After hearing, the ADDP found seven points in favour of the athlete and three against. Here’s a few points the panel said were in his favour: “it was an out of competition sample testing; the athlete with all bonafide intention mentioned about the said medication in DCF itself; the athlete has no intention to cheat…; the panel concluded saying “from the totality of the events as explained, the sincerity and honesty of the athlete is not under doubt.” 

Among the other two points what seemed interesting was the view of the TUE committee that rejected his application for retroactive TUE saying, “… the committee is of the opinion that the TREATMENT given is not appropriate for the condition mentioned.” Despite this, the panel gave him benefit of doubt and said the case falls under Article 10.6 of NADA: “No significant Fault or Negligence.” 

Involvement of coach
The other involves young athlete Kirti Bhoite, a sprinter, who tested positive for steroid during the Khelo India Youth Games in Guwahati in 2020. She was handed a four-year suspension by the ADDP but after the athlete appealed, it was reduced to two years by the ADAP on the ground that “she has not consumed any prohibited substance intentionally, rather it was the fault of her coach”. 
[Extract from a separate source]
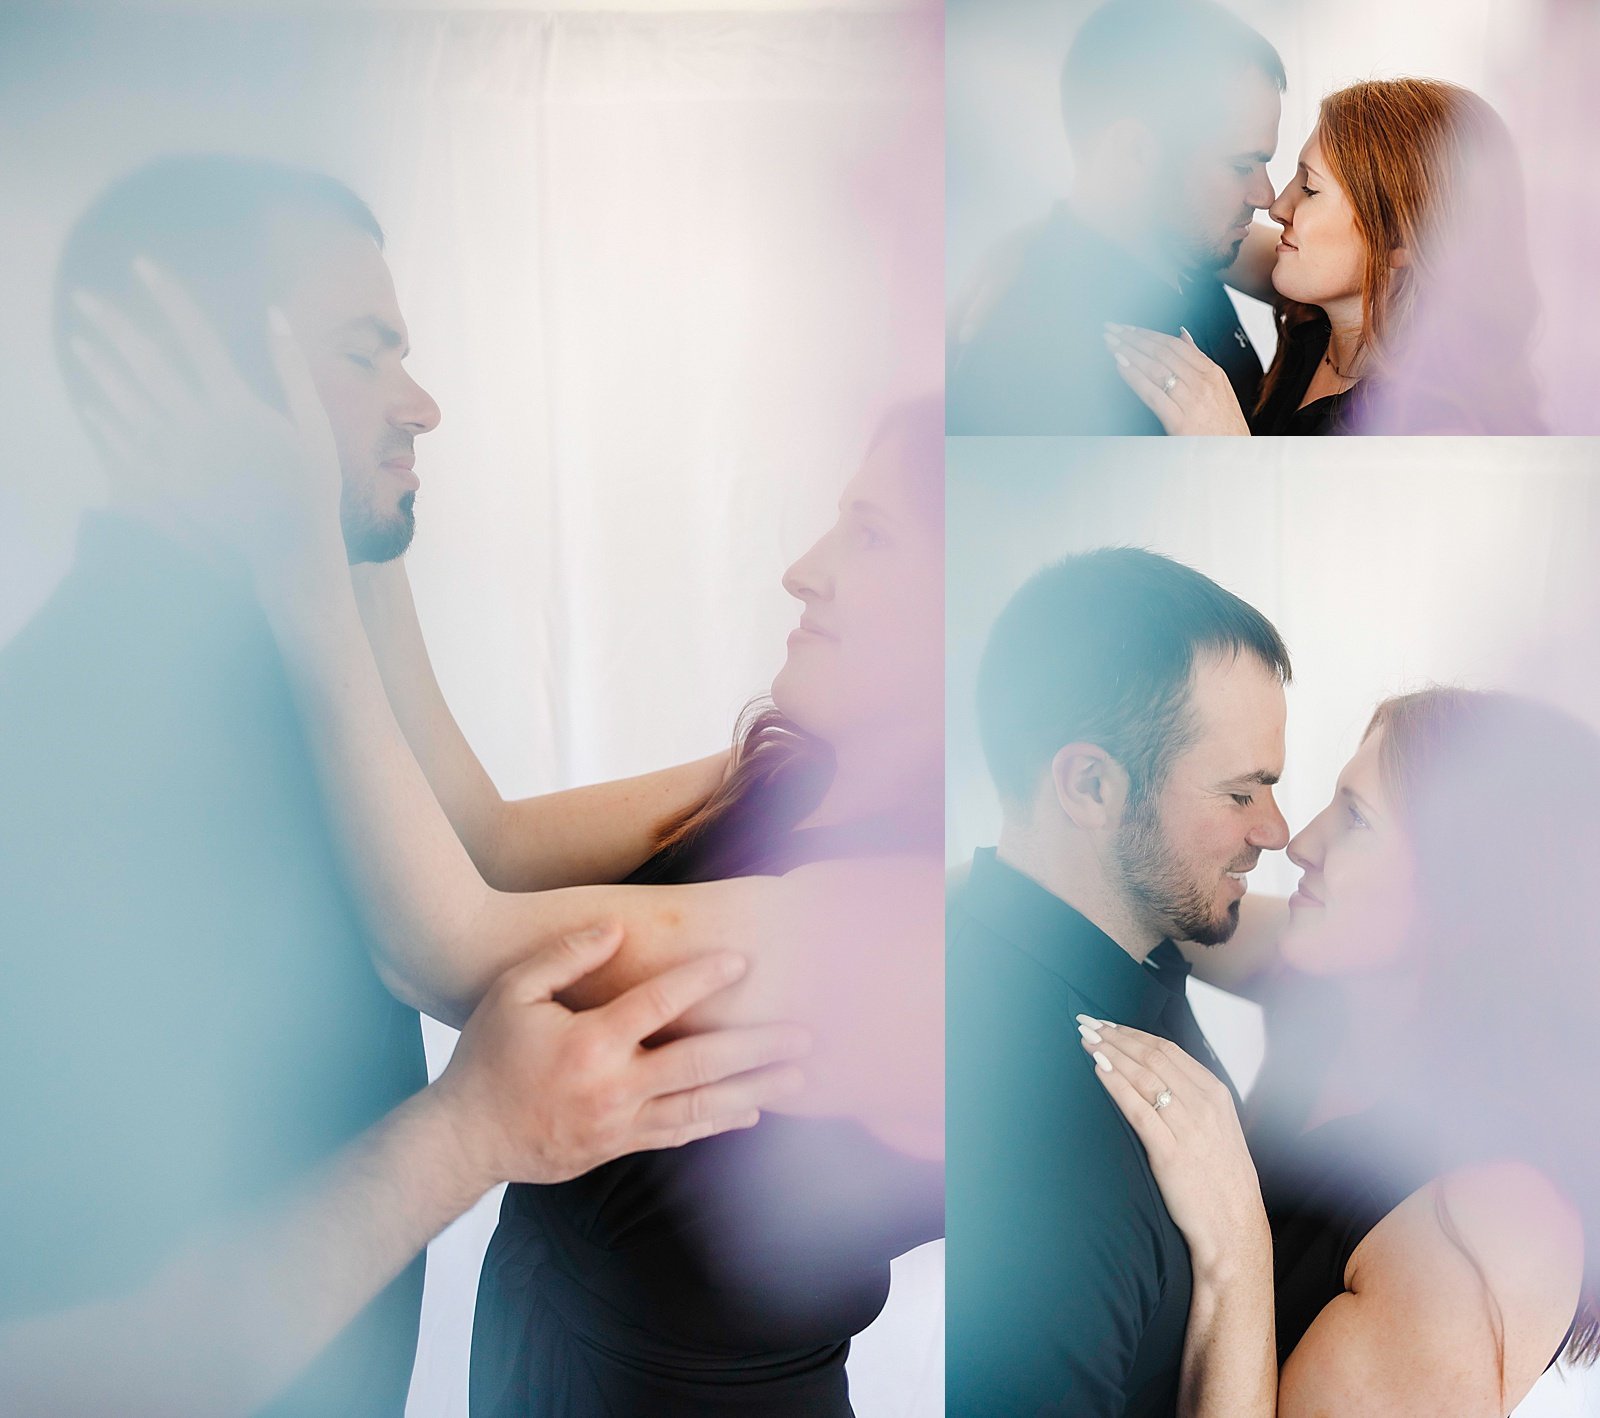  Couples having fun together in a photo studio with colors all around

The order dated April 18, 2022 lists out the circumstances under which the ADDP’s four-year ban was reduced to two. The order also revealed the involvement of a coach in administering the banned substance. 

According to the order, “the primary contention is that her family does not have any background in sports therefore she is completely dependent on her coach Mickey Menzes for training purposes”. The hearing also revealed how he used to give her multi-vitamins and injections for recovery. 

According to the order, Maharashtra Athletics Association acted upon a complaint filed by the athlete and found the coach guilty of recommending supplements such as protein, amino acids, energy drinks and pre-workouts to the athlete. The coach “further disclosed that in month of November-December, 2019, the supplier informed him about a new product Propionate which was in (the) form of injection”.
In her argument, she said that the preliminary hearing was done before MHAA filed its report and banned the coach for four years for negligent behaviour. The coach, according to the report, administered the injection without disclosing its nature. The ADAP relied on the MHAA report on the coach to reduce the ban and the ADRV was “not intentional”.

Whatever it is, but WADA Code is very clear. According to code 2.1 “it is each athlete’s personal duty to ensure that no Prohibited Substance enters his or her body”. And it’s the responsibility of the athlete to administer caution.